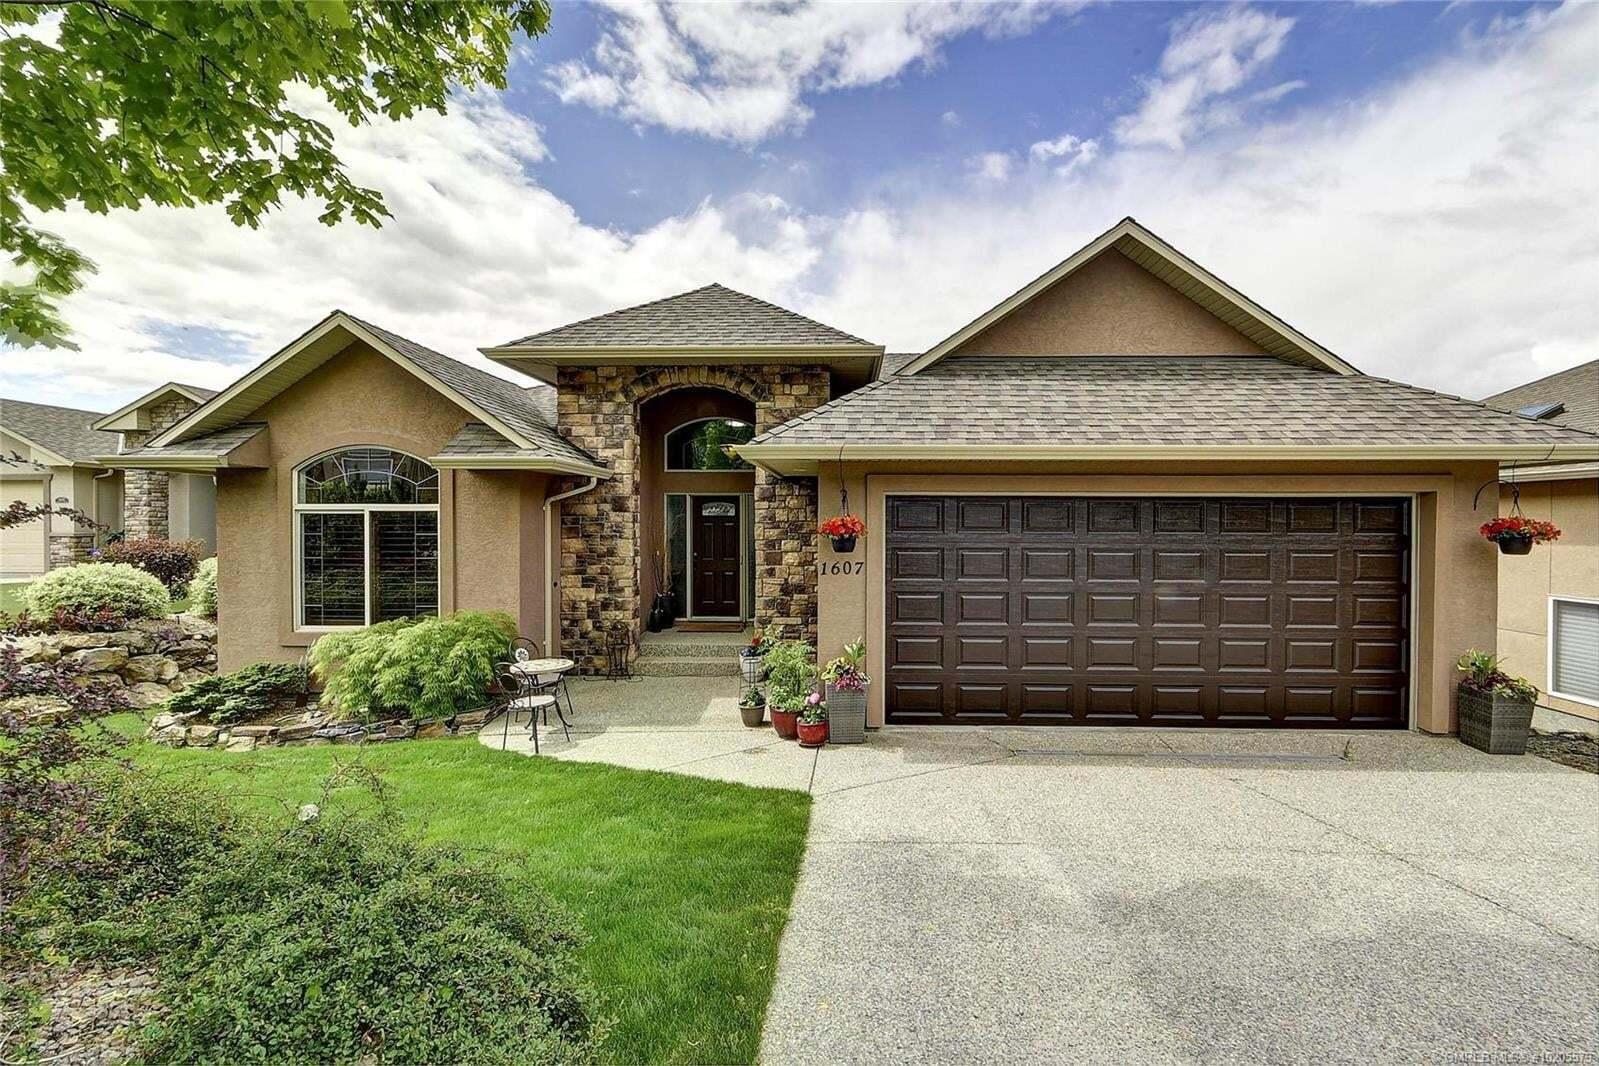 House for sale at 1607 Merlot Dr West Kelowna British Columbia - MLS: 10205579
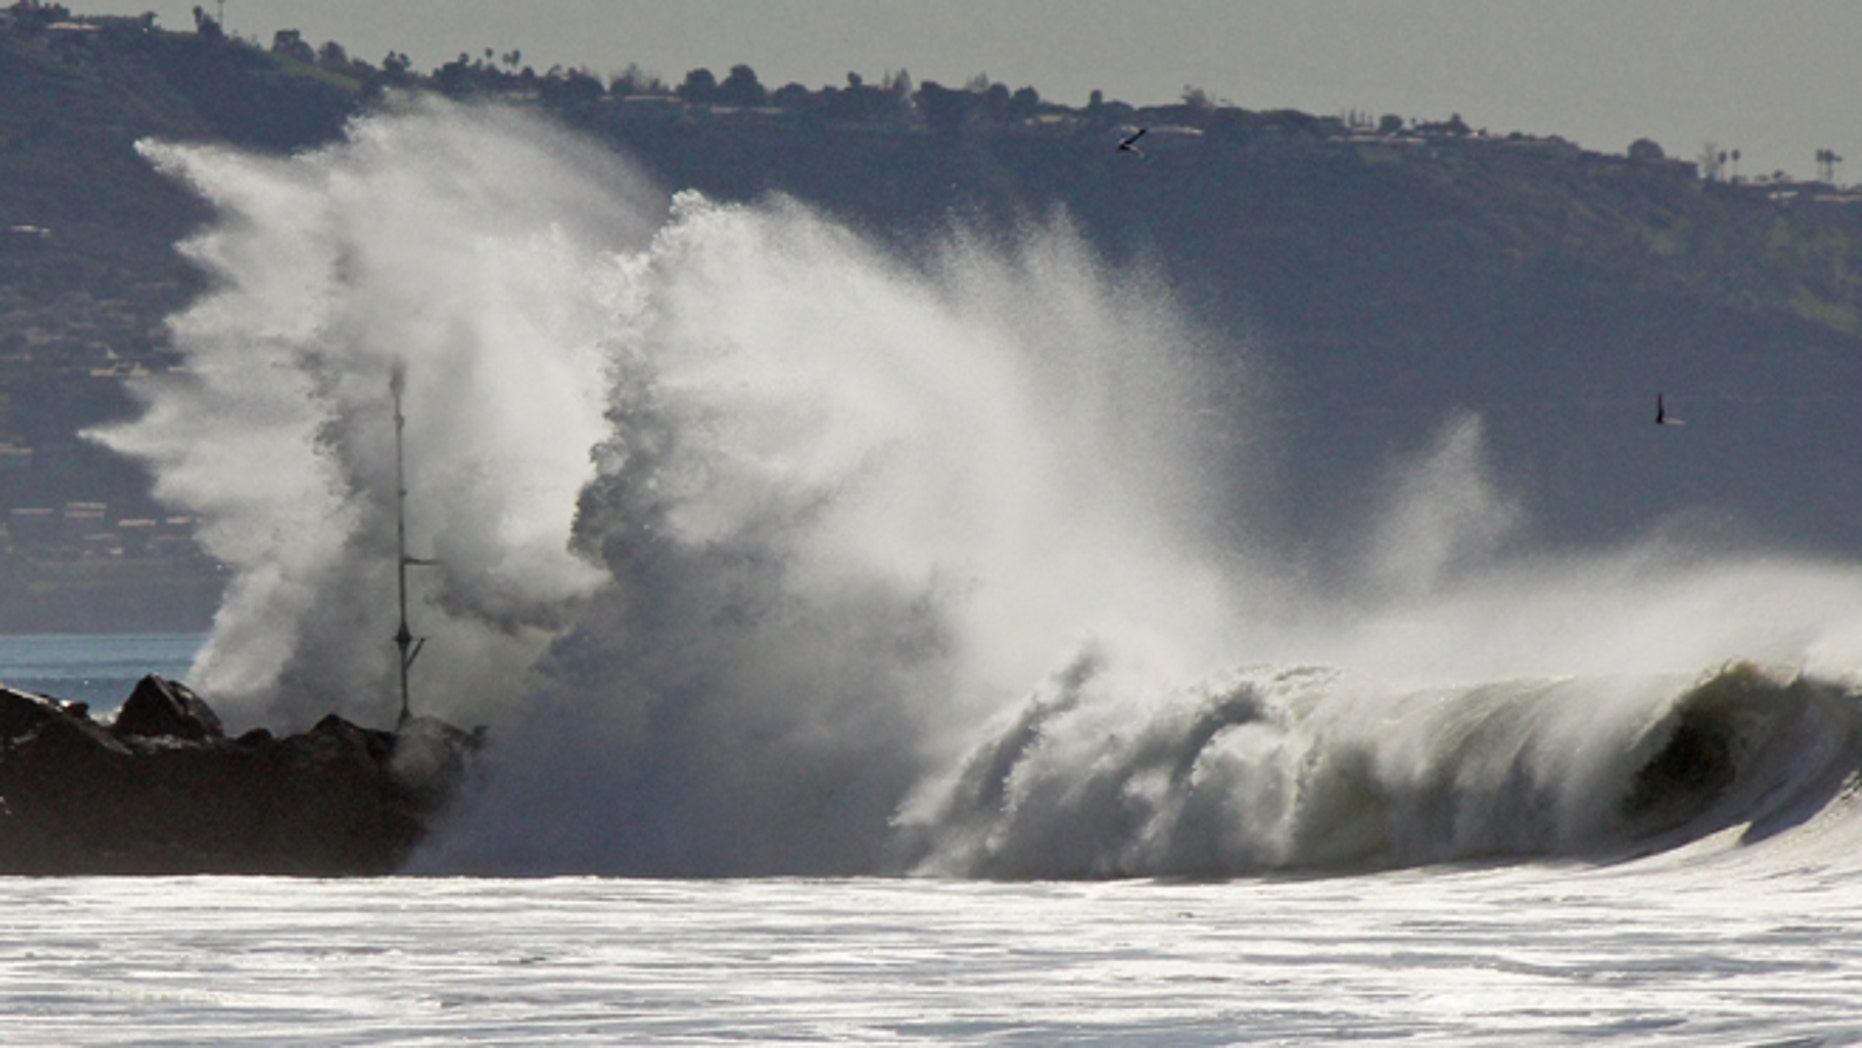 Jan. 24, 2015: Huge surf crashes over a jetty at El Segundo, Calif. (AP)
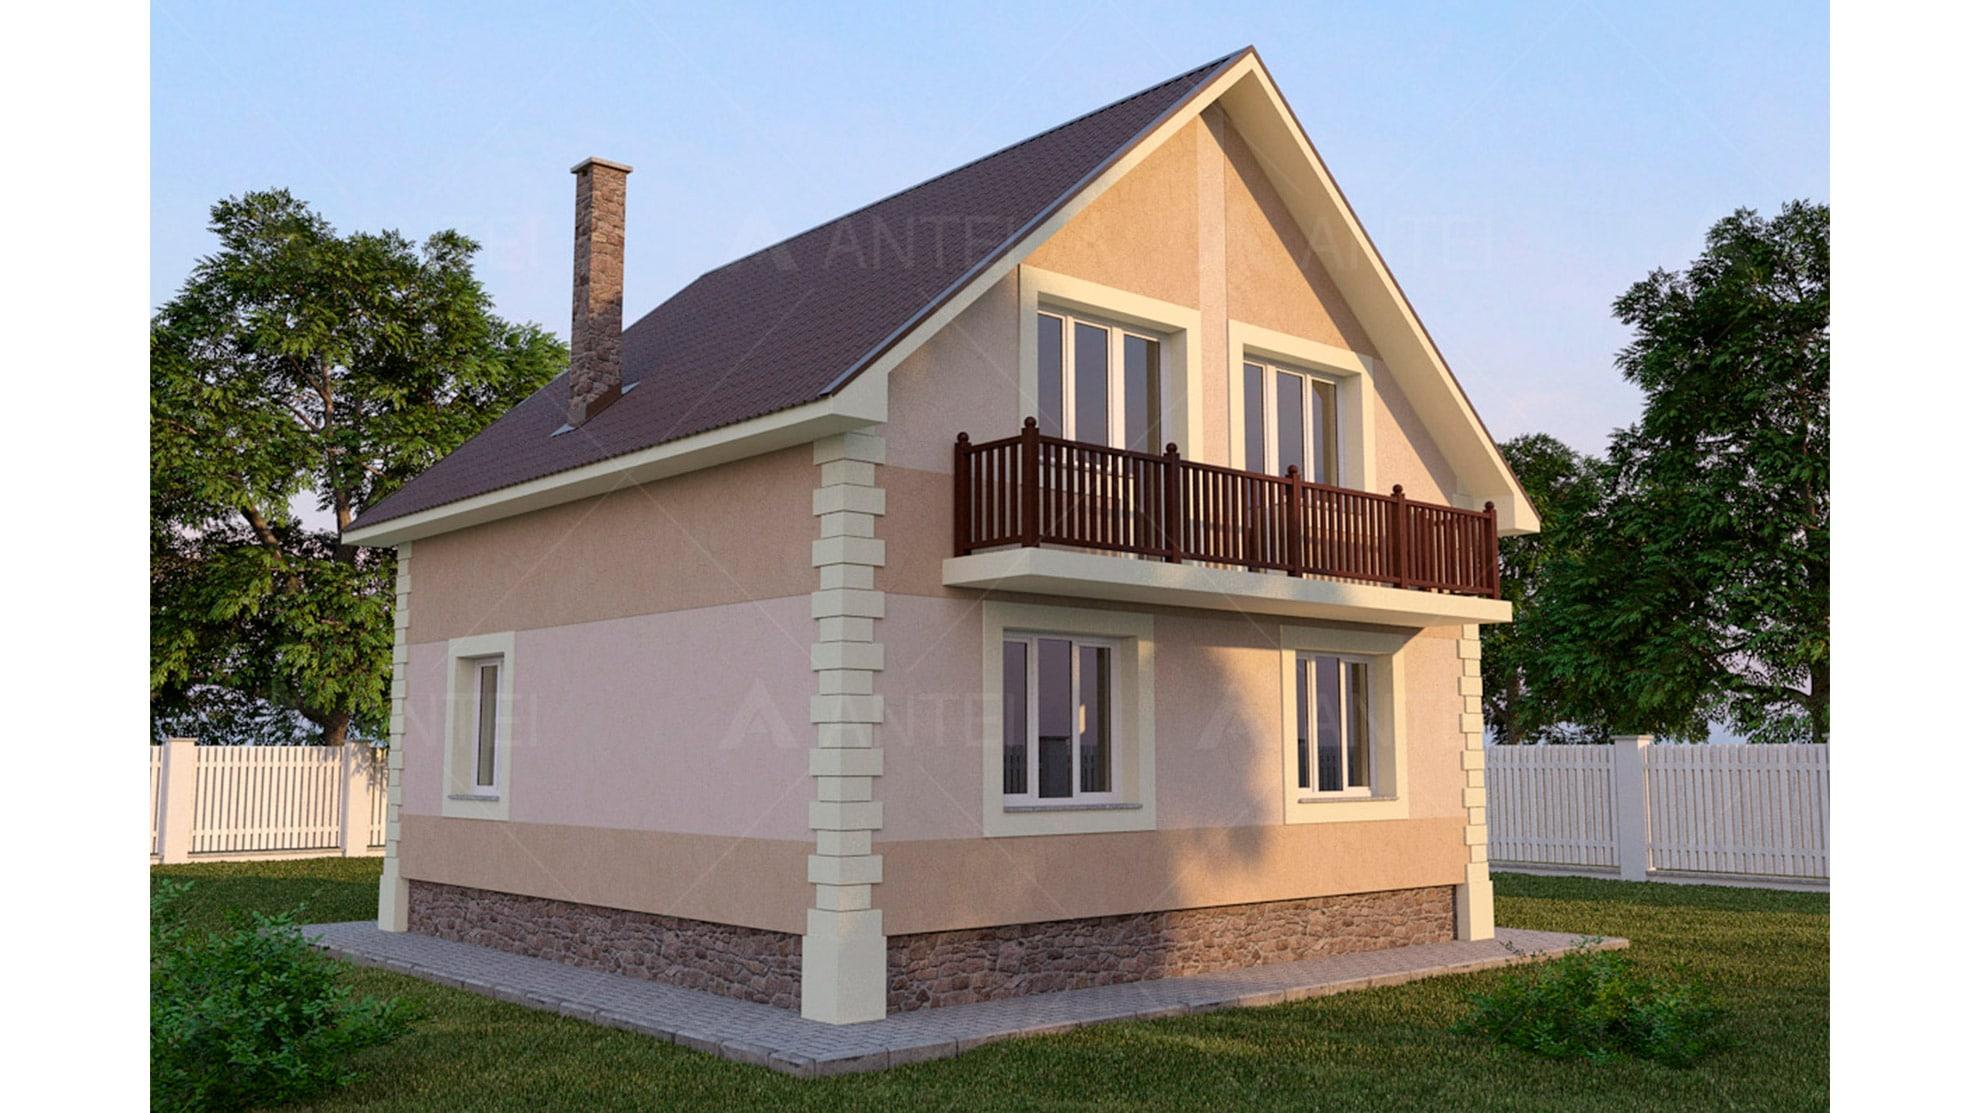 Проект мансардного дома с балконом «КМ-51» - фото №2
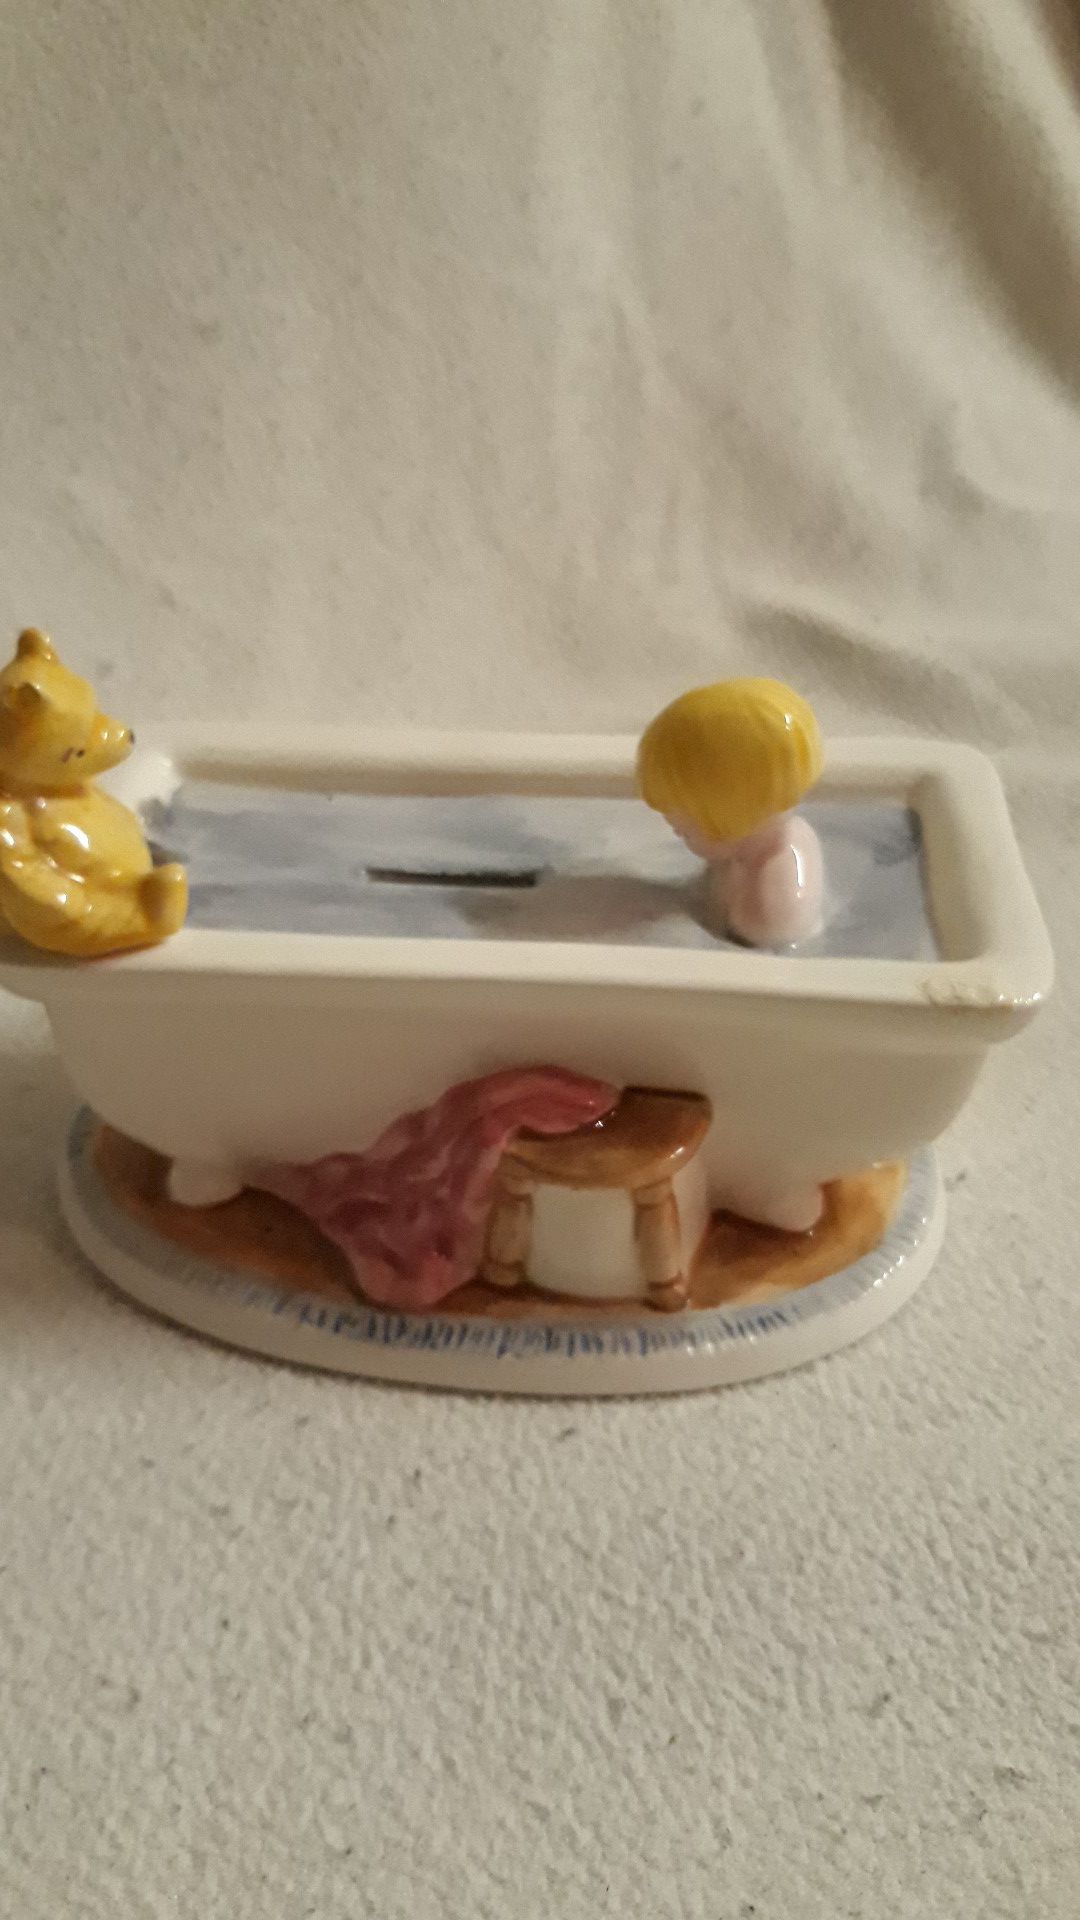 Winnie-the-Pooh Bank. No chips or cracks. No plug on bottom. $8

:: The problem ::
Every line above should be printed again word for word, without its pictures.

:: Solution to the exercise ::
 House for sale at 1607 Merlot Dr West Kelowna British Columbia - MLS: 10205579
 Jan. 24, 2015: Huge surf crashes over a jetty at El Segundo, Calif. (AP)
 Проект мансардного дома с балконом «КМ-51» - фото №2
 Winnie-the-Pooh Bank. No chips or cracks. No plug on bottom. $8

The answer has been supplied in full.